Oireachtas Joint and Select Committees

Tuesday, 18 May 2021

Joint Oireachtas Committee on Agriculture, Food and the Marine

Farm Plastics Recycling: Discussion

Photo of Michael FitzmauriceMichael Fitzmaurice (Roscommon-Galway, Independent) | Oireachtas source

I thank the Chair and members for having this matter included on the agenda. I welcome Mr. Fitzgerald. I understand that when the Department initiated the scheme it basically involved farmers paying a deposit upfront and they were to get a refund. Can Mr. Fitzgerald confirm that was the basis on which the scheme was set up? Farmers paid €5, €6 or €7 for a roll of plastic and they were supposed to get their money back when they brought the plastic back.

I also understand that the Department, with a stroke of a pen, changed green waste to amber and that caused a major problem. Green waste can be disposed of free of charge in other countries. I would like confirmation of that.

I understand there is something called a trammelling machine - I may have named it incorrectly - which the plastic is pushed through. Does that turn the plastic into green waste? Is it an expensive process?

Figures show that farmers have paid between €1.6 million and €2 million a year upfront for plastic upfront, or rather they paid for it after the companies that brought the plastic in had paid for it.

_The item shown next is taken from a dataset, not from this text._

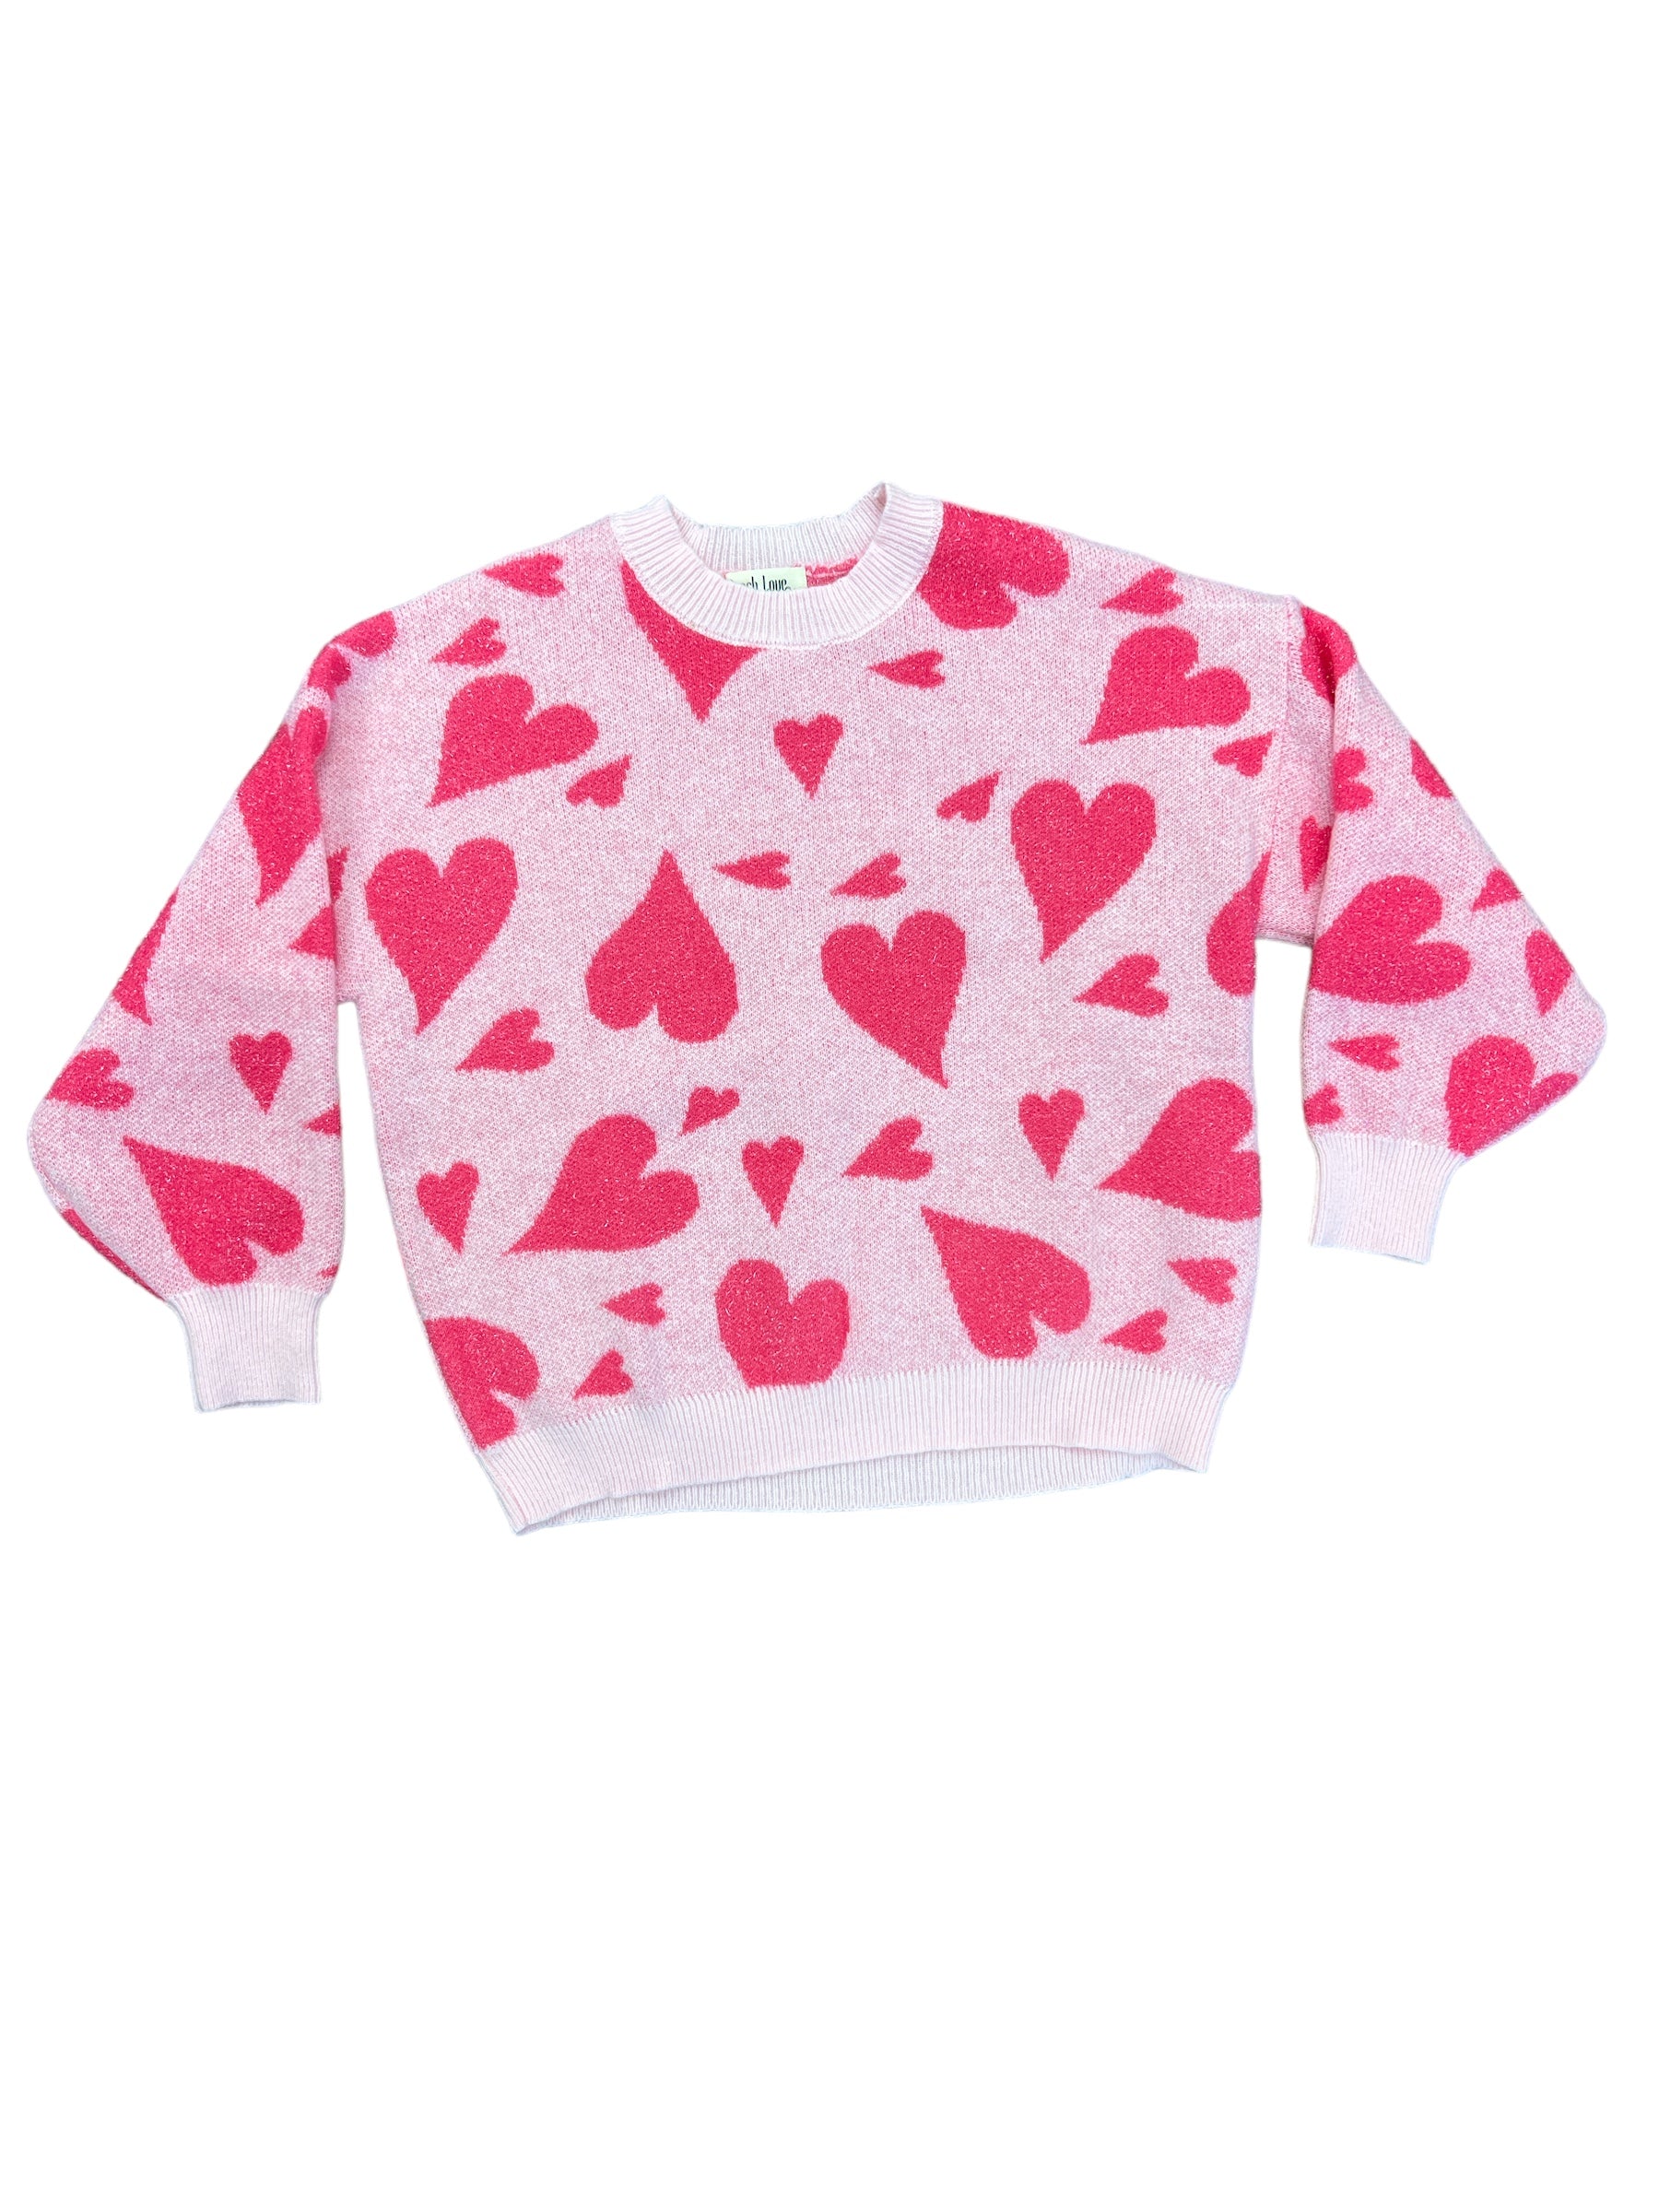 Shiny Hearts Sweater-140 Sweaters, Cardigans & Sweatshirts-Simply Stylish Boutique-Simply Stylish Boutique | Women’s & Kid’s Fashion | Paducah, KY

At the end of the day, it is the farmers around the country making bales and silage who are paying for all this plastic. There is also the collection point to be considered. Am I right in saying that most plastics have doubled in weight when they are brought back from farms because they are covered in bits of muck and dirt and that we are looking at a cost of €50 a tonne? That suggests an income of at least €3 million a year for the body overseeing this.

I have done some research in this area. There are systems in place for recycling plastics. Setting up an industry would require machinery costing between €5 million and €6 million. Has anything been done in that regard? Is there an opportunity to undertake this type of endeavour in Ireland and avoid what has happened here?

My understanding from photographs I have seen is that large stockpiles of last year's plastic are being held by the people accredited with collection. Mr. Fitzgerald may not know that. What will be the outcome of that? Is it correct that between 10,000 and 14,000 tonnes of this waste is stuck in the hands of private individuals around the country? Chaos is about to occur because the Department is not doing anything to try to resolve this issue. Everything I have seen suggests this is like a closed shop.